__TASK ITEM__
After finding the line with "Vista panoramica della" in the entries below, retype exactly each line from there through the line with "АРИЯ Ночь короче", including that final line.

__EXERCISE MATERIALS__
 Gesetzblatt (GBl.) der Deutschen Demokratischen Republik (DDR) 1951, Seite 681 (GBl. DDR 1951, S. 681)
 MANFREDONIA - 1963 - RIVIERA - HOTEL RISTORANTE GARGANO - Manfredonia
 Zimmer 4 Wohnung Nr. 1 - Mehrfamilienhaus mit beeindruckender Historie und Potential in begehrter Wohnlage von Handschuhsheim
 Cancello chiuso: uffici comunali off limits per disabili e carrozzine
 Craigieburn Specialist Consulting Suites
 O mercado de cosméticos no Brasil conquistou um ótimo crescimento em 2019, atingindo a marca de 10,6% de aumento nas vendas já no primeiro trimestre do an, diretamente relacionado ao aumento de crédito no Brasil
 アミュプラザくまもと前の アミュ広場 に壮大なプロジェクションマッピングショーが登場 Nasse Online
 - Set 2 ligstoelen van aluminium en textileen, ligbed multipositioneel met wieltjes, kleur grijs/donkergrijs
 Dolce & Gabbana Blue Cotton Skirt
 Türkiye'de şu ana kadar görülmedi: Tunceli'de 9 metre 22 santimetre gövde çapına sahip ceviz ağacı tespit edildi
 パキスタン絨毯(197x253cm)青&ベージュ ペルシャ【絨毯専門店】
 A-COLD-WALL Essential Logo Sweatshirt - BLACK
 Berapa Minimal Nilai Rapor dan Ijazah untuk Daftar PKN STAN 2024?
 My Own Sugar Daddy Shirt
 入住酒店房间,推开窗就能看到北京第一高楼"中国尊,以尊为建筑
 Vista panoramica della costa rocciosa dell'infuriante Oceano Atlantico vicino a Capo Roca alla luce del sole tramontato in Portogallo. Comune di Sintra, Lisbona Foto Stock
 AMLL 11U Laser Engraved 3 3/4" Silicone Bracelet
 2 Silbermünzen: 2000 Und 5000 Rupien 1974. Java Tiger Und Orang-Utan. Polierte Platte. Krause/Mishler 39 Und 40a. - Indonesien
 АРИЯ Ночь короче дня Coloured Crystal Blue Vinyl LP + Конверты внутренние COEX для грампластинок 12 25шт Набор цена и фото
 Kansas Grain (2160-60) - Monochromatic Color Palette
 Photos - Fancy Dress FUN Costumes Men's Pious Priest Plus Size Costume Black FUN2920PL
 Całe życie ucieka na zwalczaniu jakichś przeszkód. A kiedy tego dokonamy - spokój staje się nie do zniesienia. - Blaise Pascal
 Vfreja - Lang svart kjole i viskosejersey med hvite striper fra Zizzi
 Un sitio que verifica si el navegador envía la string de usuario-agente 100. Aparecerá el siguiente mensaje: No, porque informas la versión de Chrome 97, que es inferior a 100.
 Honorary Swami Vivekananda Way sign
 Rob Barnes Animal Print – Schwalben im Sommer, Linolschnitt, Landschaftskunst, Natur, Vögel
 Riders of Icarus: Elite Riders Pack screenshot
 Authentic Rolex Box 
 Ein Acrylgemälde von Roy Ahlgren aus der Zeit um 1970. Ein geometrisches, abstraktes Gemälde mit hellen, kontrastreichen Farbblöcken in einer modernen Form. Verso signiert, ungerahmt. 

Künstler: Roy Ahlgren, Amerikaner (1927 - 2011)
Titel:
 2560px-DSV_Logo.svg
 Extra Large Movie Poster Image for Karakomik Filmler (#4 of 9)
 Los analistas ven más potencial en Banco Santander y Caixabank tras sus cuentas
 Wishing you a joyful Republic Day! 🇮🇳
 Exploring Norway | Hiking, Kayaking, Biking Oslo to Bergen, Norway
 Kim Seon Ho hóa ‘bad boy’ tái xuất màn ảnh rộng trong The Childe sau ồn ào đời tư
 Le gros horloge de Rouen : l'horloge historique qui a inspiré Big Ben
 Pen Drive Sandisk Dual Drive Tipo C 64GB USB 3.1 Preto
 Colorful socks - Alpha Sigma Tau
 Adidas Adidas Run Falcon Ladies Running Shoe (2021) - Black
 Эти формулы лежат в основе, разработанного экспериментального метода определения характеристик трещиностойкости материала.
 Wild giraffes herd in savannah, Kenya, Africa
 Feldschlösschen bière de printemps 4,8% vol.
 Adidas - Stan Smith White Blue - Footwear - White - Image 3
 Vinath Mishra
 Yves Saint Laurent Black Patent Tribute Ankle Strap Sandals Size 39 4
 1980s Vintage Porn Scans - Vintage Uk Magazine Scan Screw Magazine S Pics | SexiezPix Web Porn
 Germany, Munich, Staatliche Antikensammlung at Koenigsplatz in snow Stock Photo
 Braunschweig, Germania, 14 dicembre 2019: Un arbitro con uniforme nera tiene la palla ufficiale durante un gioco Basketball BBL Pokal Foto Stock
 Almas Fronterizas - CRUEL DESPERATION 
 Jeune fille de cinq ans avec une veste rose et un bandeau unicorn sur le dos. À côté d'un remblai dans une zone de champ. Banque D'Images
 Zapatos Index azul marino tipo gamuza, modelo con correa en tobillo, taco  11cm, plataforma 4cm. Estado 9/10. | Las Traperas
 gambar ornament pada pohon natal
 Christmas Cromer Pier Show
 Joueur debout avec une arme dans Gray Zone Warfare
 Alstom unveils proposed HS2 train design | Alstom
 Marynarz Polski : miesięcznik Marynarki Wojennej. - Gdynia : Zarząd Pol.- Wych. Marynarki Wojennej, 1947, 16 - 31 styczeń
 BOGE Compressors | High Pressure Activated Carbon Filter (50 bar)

__COMPLETED EXERCISE__
 Vista panoramica della costa rocciosa dell'infuriante Oceano Atlantico vicino a Capo Roca alla luce del sole tramontato in Portogallo. Comune di Sintra, Lisbona Foto Stock
 AMLL 11U Laser Engraved 3 3/4" Silicone Bracelet
 2 Silbermünzen: 2000 Und 5000 Rupien 1974. Java Tiger Und Orang-Utan. Polierte Platte. Krause/Mishler 39 Und 40a. - Indonesien
 АРИЯ Ночь короче дня Coloured Crystal Blue Vinyl LP + Конверты внутренние COEX для грампластинок 12 25шт Набор цена и фото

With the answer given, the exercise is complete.